Ontario MPP
- In office 1929–1934
- Preceded by: Peter William Pearson
- Succeeded by: Morgan Baker
- Constituency: York North

Personal details
- Born: July 17, 1897 King township, Ontario
- Died: December 30, 1940 (aged 43) York County, Ontario
- Political party: Progressive Conservative
- Spouse: Mary Dunbar
- Children: 3
- Occupation: Lawyer

= Clifford Case (Canadian politician) =

Canadian politician

Clifford Case, (July 17, 1897 - December 30, 1940) was a lawyer and political figure in Ontario, Canada.

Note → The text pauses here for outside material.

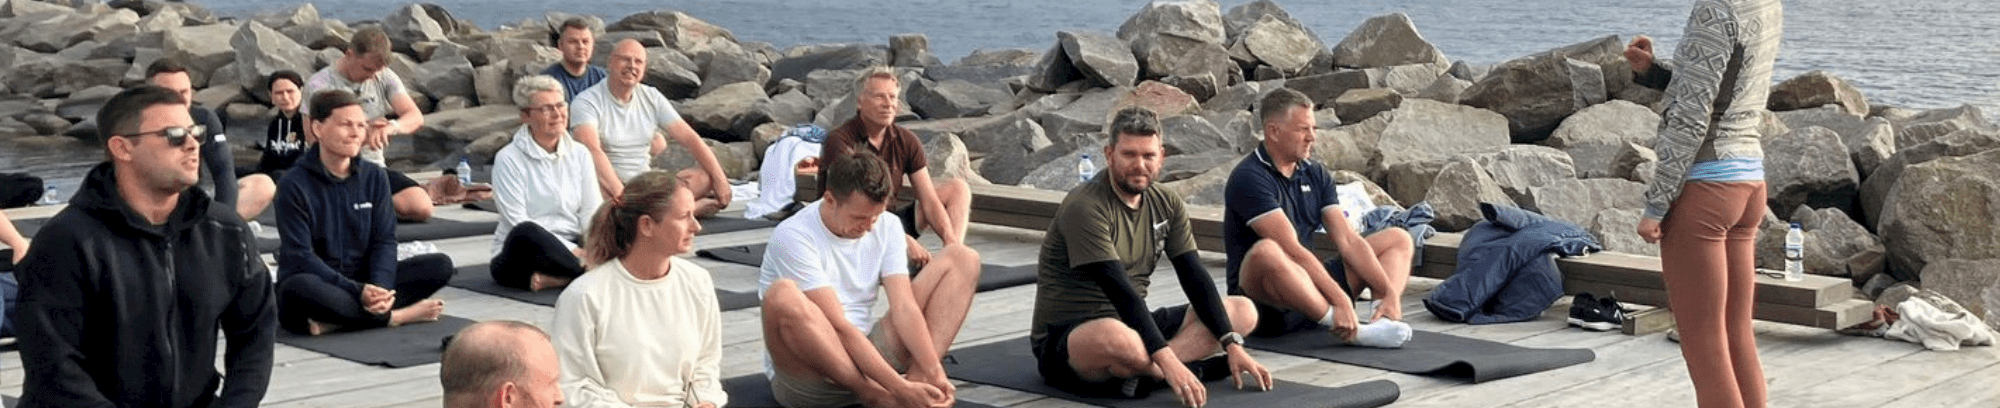 Tag med til en fantastisk yoga-retreat i Allinge på Bornholm og dyrk yoga i naturskønne omgivelser

He represented York North in the Legislative Assembly of Ontario from 1929 to 1934 as a Conservative member.

==Background==
Case was born on a farm in King township to parents George Case and Annie Morning. He was educated in Aurora and at Osgoode Hall, graduating in 1924. In 1923 he married Mary Dunbar and together they raised three sons. Case practised law in Aurora and Toronto and was named King's Counsel in 1929. Case died in York County Hospital at the age of 43.

==Politics==
Case served as deputy reeve of Aurora in 1928. In 1929 he ran as the Conservative candidate in the riding of York North. He defeated Liberal incumbent Peter Pearson by 195 votes. He was defeated by Liberal candidate Morgan Baker in the next election.